The Golden Triad Of Business Scaling

The ability to successfully scale a business is the holy grail of entrepreneurship. Research shows that start ups who are willing to redesign the way their core business functions can enjoy massive benefits from scaling even in the early days. Techstart.com tells us that a business scaling quickly and effectively has the ability to increase their revenue by 250% and their user growth by 360% if they put their operations on autopilot. To achieve these jaw-dropping outcomes, the ambitious entrepreneur needs to become a master of the three key ingredients of business scaling through three phases of growth:

 

  1. Manpower: The people in your team working towards building sustainable business expansion.
  2. Mechanics: The enabling structures in your business which facilitate all operations across all departments.
  3. Metrics: The key business numbers which indicate your status in the past and present, and your capacity for future growth.

 

SURVIVAL:

With great zest and zeal the start up business owner mobilises their ambitions to action, taking the very first steps to make their business dreams a reality.
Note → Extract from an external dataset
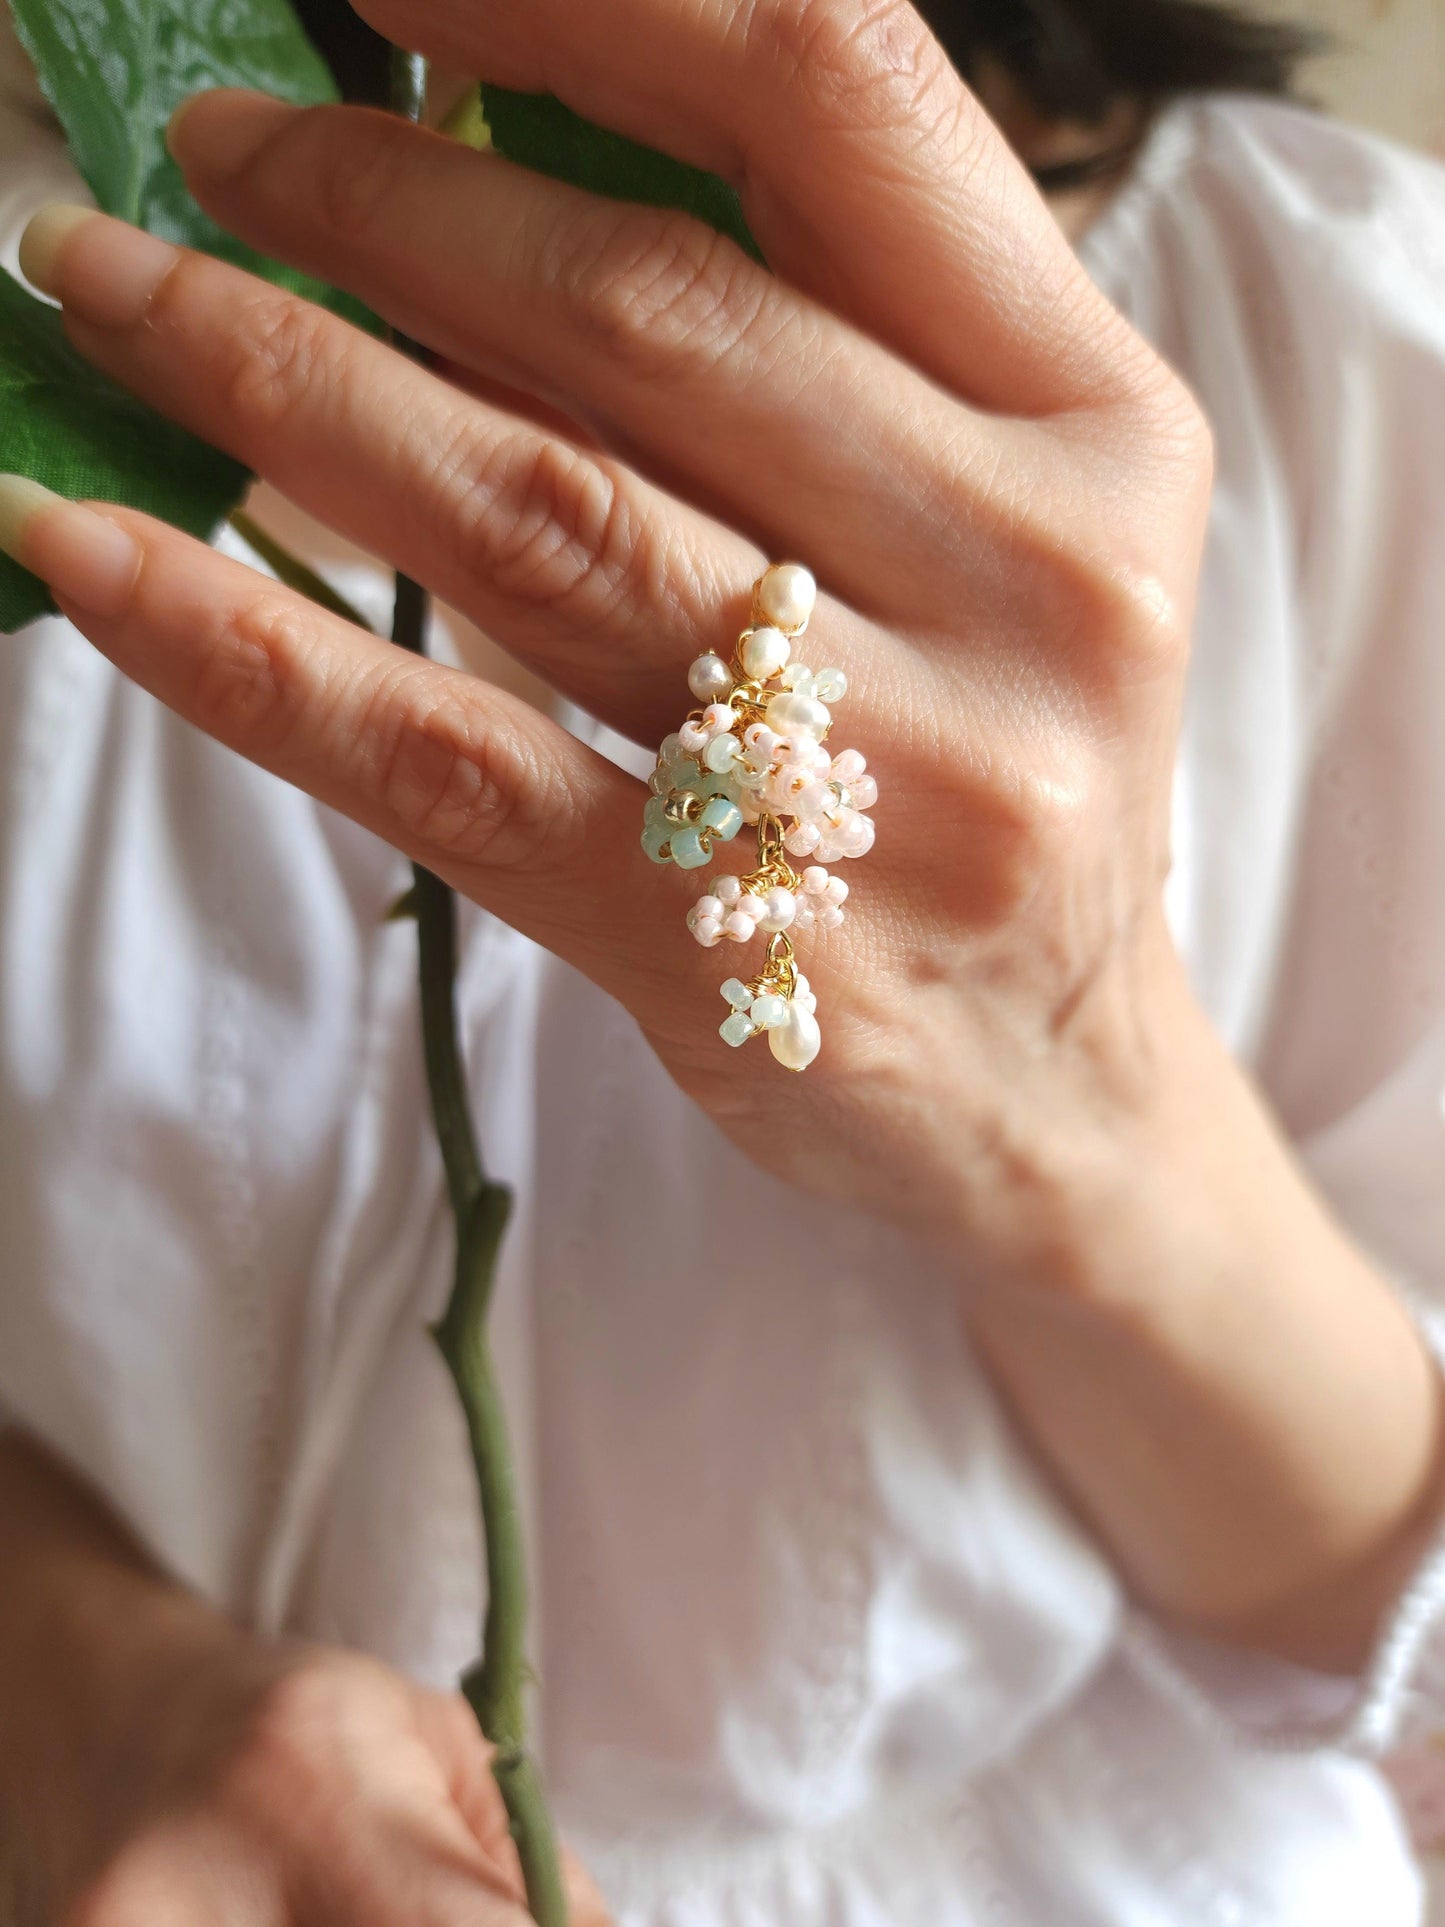 Dreamy Tides Bouquet Ring - By Cocoyu

To register a business and set up shop is exciting. Planting seeds of possibility and watering them through to maturity takes boldness, courage and a big dose of faith.

 

The early days of business survival are marked by the urgent need for sales. All business activities are necessarily focussed towards generating enough revenue to cover expenses with some left over to reinvest into building the business. Whether they are working alone or alongside a small team, it is essential that expenses be controlled. The aim is to establish a viable business model that works to generate gradually increasing profit by meeting a market need.

 

  • Survival Manpower: The team is small to keep overheads low, and the bulk of work done targets the need for brand awareness and user buy in.
  • Survival Mechanics: Simple systems are focused on the acquisition of steady sales and delivery of products/services. Processes and resources built and used only if they are essential to address the needs of the here and now. Excess infrastructure can be wasted at this stage while the business works to establish a business model that works.
  • Survival Metrics: Keeping a close eye on revenue and profit margin is vital at this stage, so that any funds available for growth can be funneled away and utilised.

 

GROWTH:

Establishing a viable business model is the key to moving out of Survival mode and into business Growth. At this stage the entrepreneur develops more confidence in the business to be able to generate enough cashflow to stay afloat and finance some growth. They become more willing to delegate activities and manage the responsibilities of others in a bid to grow the business. Seeing their hard work starting to pay off is personally rewarding for the entrepreneur. But professionally, it allows them to stretch out into applying their skills and strengths towards strategic management.

 

In the Growth phase, the business shifts to focus more on expansion. While the ability to maintain cash flow is still vital for the business in Growth, the need to develop systems to sustain this growth takes on central importance. The first priority of the business used to be the acquisition and delivery of sales whilst keeping the books in balance. But now, growing this business to maturity relies on the development of efficient, effective systems and processes.

 

  • Growth Manpower: The team expands to multiply the output of the business. Their training is developed and refined with a focus on excellence. This allows them to serve more customers well, and meet rising business demands across all areas.
  • Growth Mechanics: Creating, implementing and refining the infrastructure of the business is paramount. Functions are automated where possible, and policies and procedures are documented to ensure performance is consistently exemplary.
  • Growth Metrics: The need to expand the team and improve infrastructure makes the Growth phase a season of investment. With a proven business model in place, black and white measurements around costs, efficiencies and performance need to be optimised.

 

SCALING:

The shift from Growth to Scaling is a deeply satisfying endeavour for the entrepreneur who has always had their sights on building more than a job for themselves or a business that simply ticks over. In the Scaling phase, the entrepreneur gets to stretch their wings and fly by casting a wide vision for exponential expansion. It is vital that they communicate this vision clearly so that the team come to champion the business cause themselves. This dedication and personal sense of ownership is the fuel of the Scaling business.

 

A business moving through the Scaling phase hits the market hard with strategies to communicate great stories with new segments of the public. They also get busy creating strategic partnerships and alliances. They need to build a thriving customer base that easily refers others due to their experience. This creates a solvent, viable and sustainable business.

 

 

 

  • Scaling Manpower: The team expands to multiply the output of the business, serving more customers and meeting rising business demands across all areas.
  • Scaling Mechanics: Systems and processes need to maintain operational agility so the business can make changes and pivot in response to the demands and opportunities the market presents. Maintenance and evolution are key.
  • Scaling Metrics: An operational model that will increase profits and efficiency over time is developed. The business works by growing revenue whilst avoiding cost increases.